··· Study material
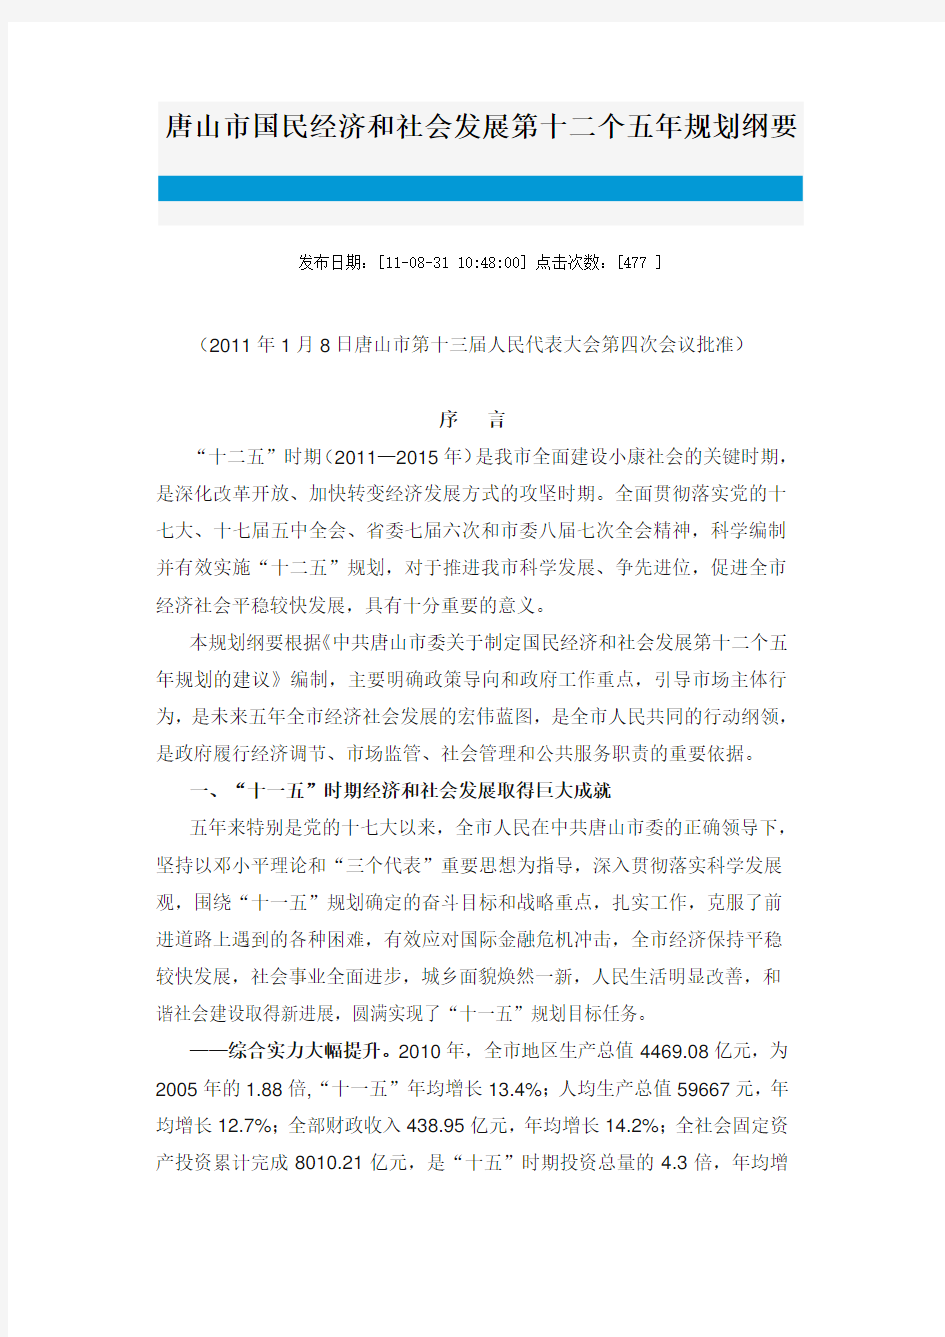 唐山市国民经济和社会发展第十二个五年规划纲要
······
··· Study material
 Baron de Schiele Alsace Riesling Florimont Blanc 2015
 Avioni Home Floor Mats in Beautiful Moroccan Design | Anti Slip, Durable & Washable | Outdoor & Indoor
······
··· Study material
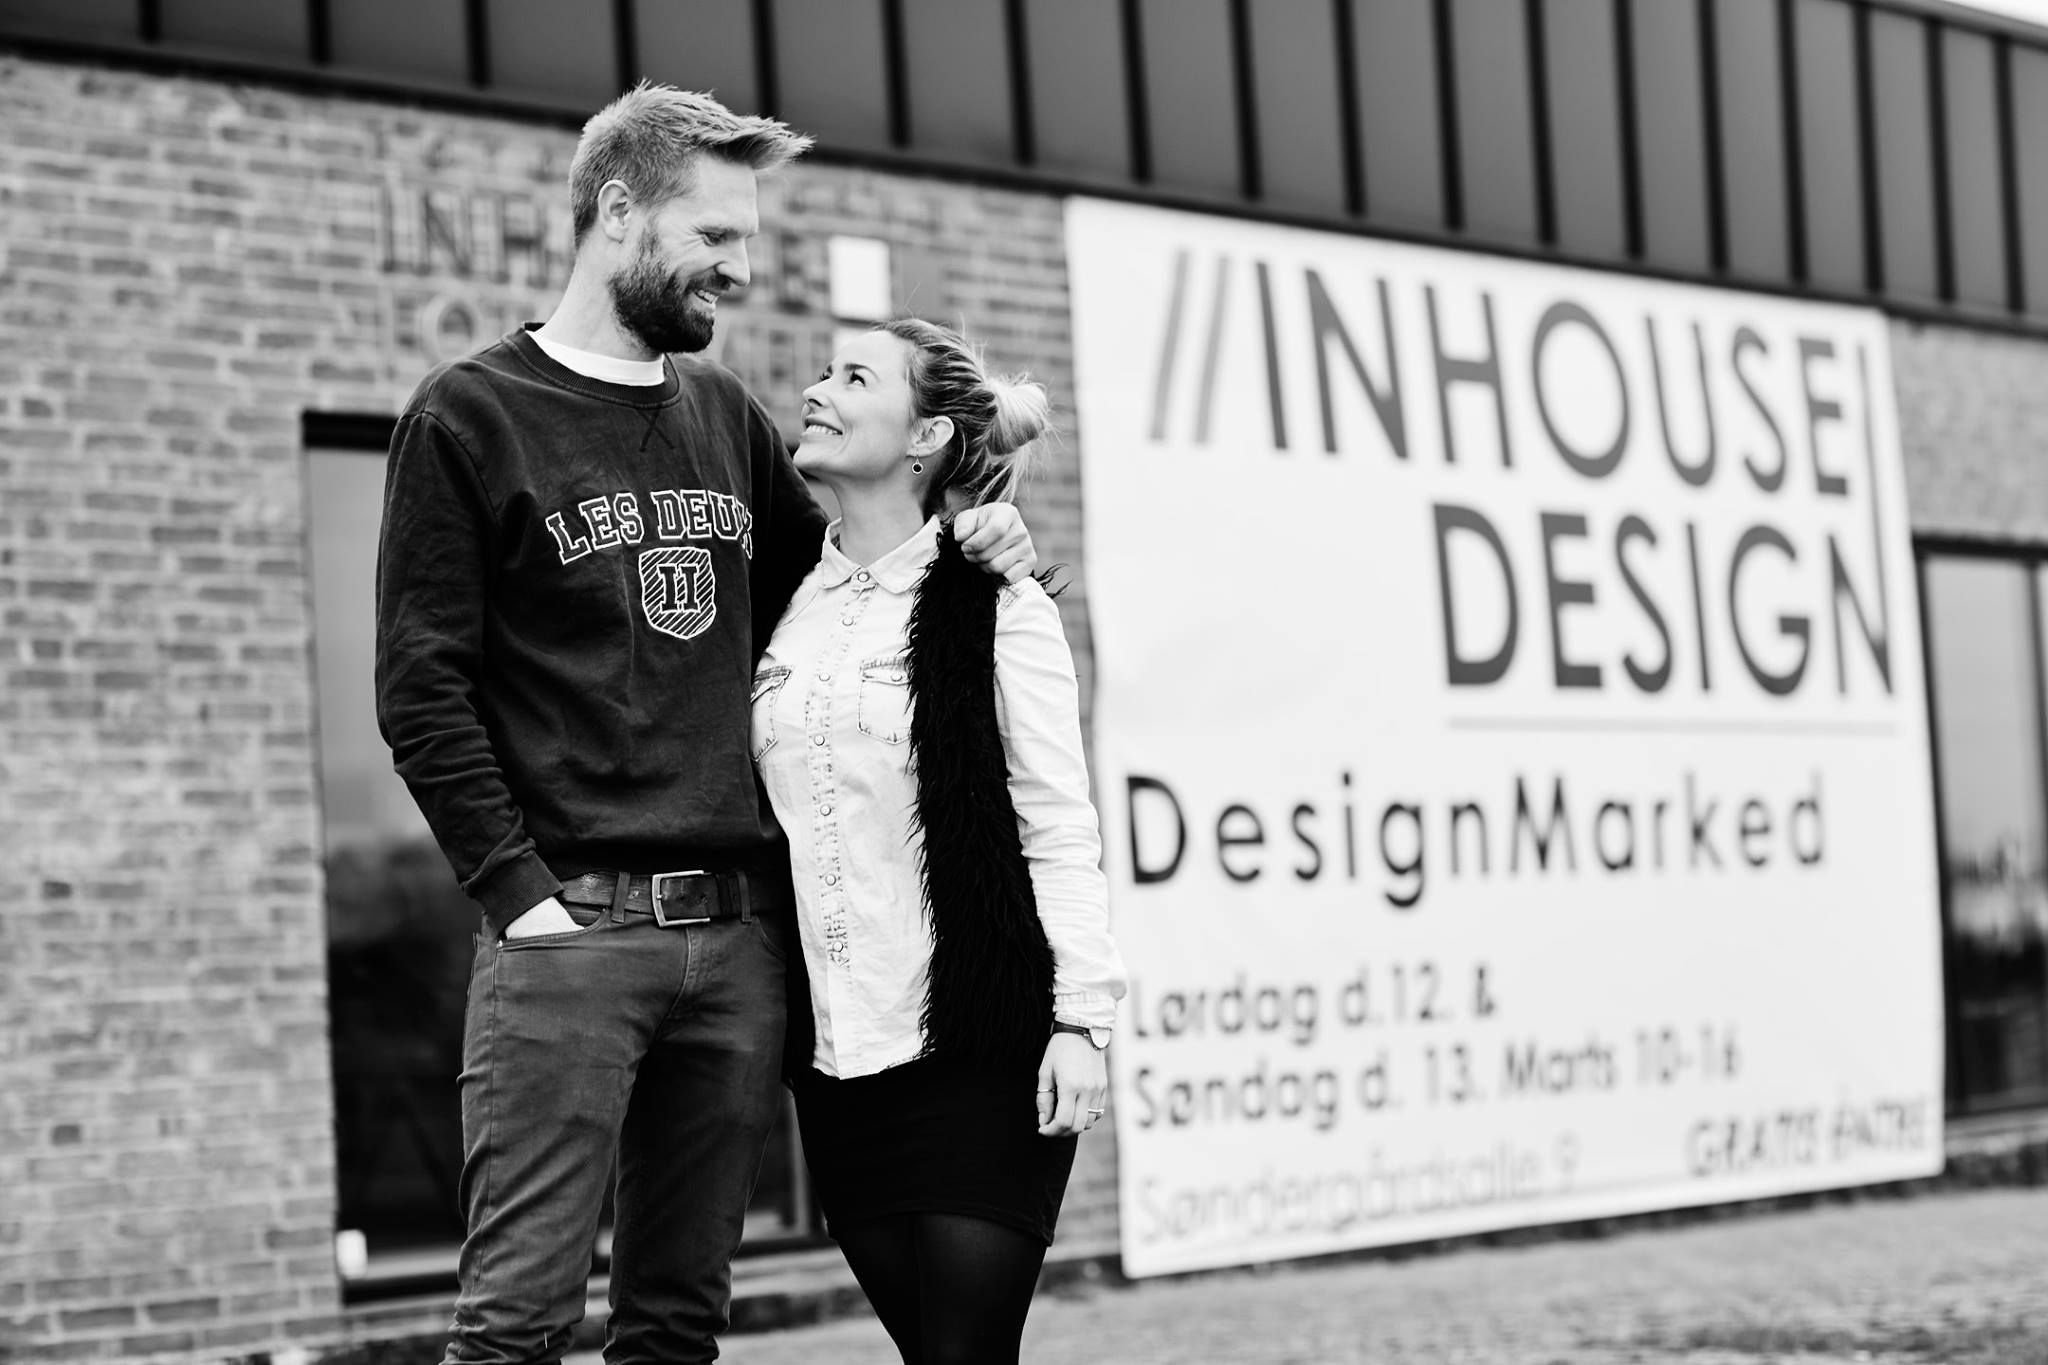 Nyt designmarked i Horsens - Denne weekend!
······
Out of the entries above, write out only the lines between the line holding "Baron de Schiele" and the line holding "Avioni Home Floor", inclusive, each exactly as given.

● Problem solution
 Baron de Schiele Alsace Riesling Florimont Blanc 2015
 Avioni Home Floor Mats in Beautiful Moroccan Design | Anti Slip, Durable & Washable | Outdoor & Indoor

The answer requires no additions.